South Africa: The Cordoned Heart
Photographs by twenty South African photographers with text by Dr. Francis Wilson, foreword by Bishop Desmund Tutu, edited by Omar Badsha. Associate editors, Alex Harris and Margaret Sartor.
Book and jacket design by Margaret Sartor.
W.W. Norton & Company and The Gallery Press in association with the Center for Documentary Studies at Duke University, 1986
Essays by 20 South African photographers prepared for The Second Carnegie Inquiry into Poverty and Development in Southern Africa. It is crucial to remember that these 20 South African photographers are patriots in the best sense of that world. The photographs of South Africa: The Cordoned Heart were made as an impassioned plea for change to their own countrymen and women - to end Apartheid. Bishop Desmond Tutu, said “This Carnegie Inquiry is about such ordinary people and the pictures bring them very much to life. I commend South Africa: The Cordoned Heart very warmly”. The editor and one of the photographers, Omar Badsha, is one of South Africa’s foremost documentary photographers, artists, political and trade union activists and an historian. He is an award winning artist and photographer and has exhibited extensively in South Africa and internationally. Badsha is considered one of the early pioneers of “resistance art” in the early 1960s.
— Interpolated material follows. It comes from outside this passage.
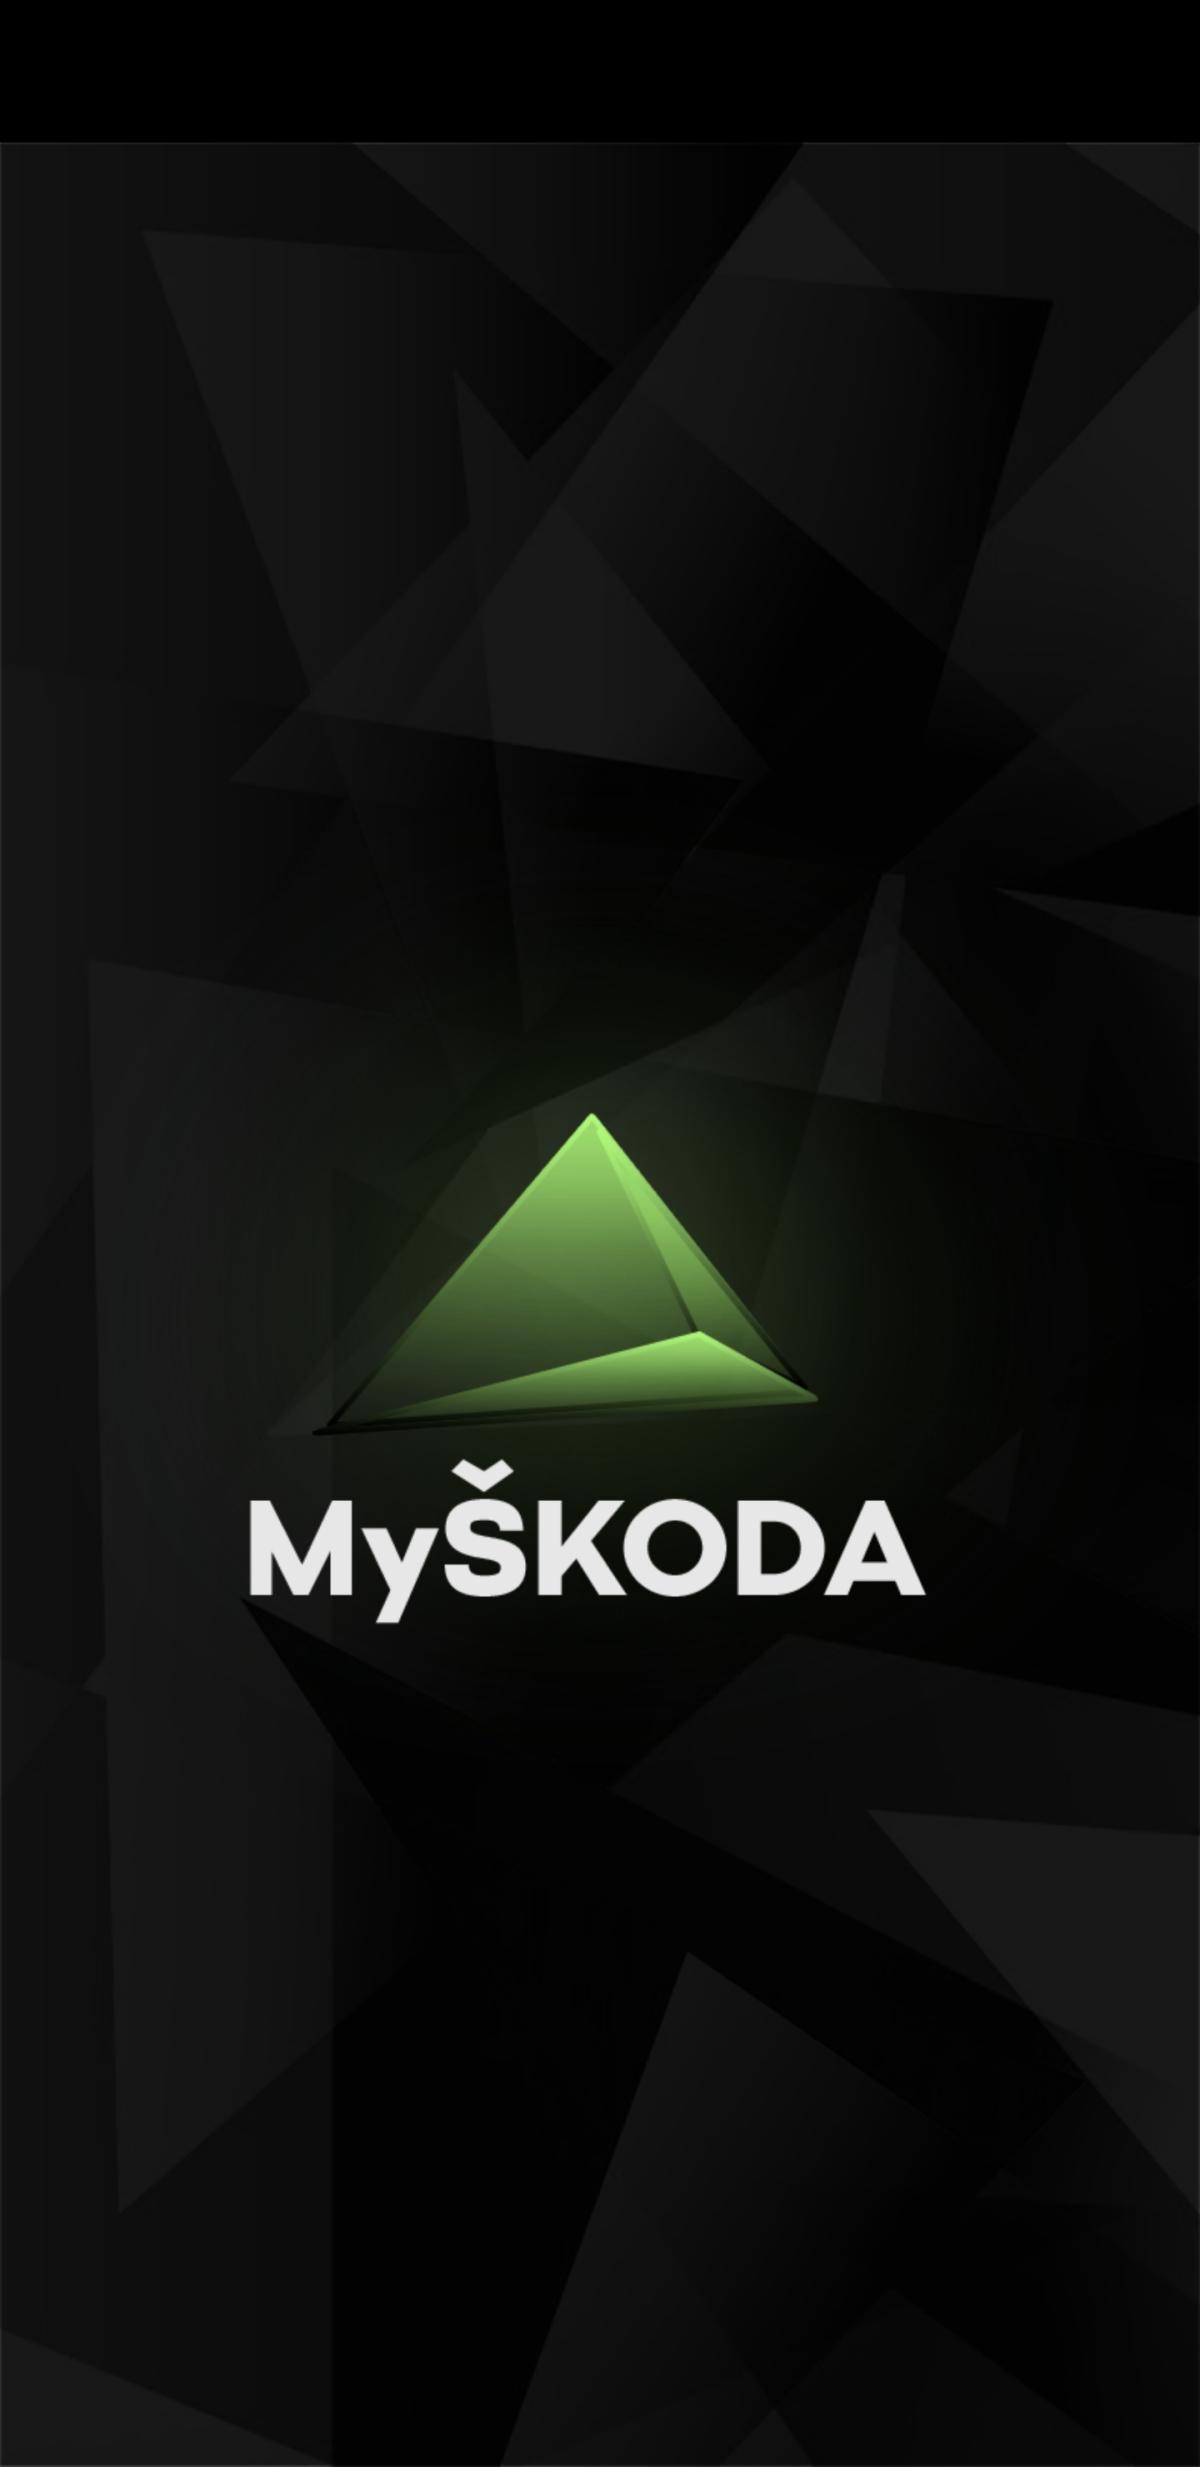 My Skoda app: Appsolutely Transparent

He became an anti-apartheid activist during his high schools days and he went on to play a significant role in that country’s liberation history. He was one of the activists who revived the Natal Indian Congress in the 1970s and the independent left wing trade union movement that grew out of the famous 1973 Durban strikes. Badsha established and was the first secretary of the Chemical Workers Industrial Union. He was detained, harassed, and had a book of his “Letter To Farzanah” banned in the late seventies. He was one of those who was denied a passport and never allowed to travel outside the country until 1990. He is the author of a number of photographic books and was the co-founder of the famous South African photographers collective, Afrapix. Afrapix was a collective agency of amateur and professional photographers who opposed Apartheid in South Africa and documented South Africa in the 1980s. The group was established in 1982 and dissolved itself in 1991.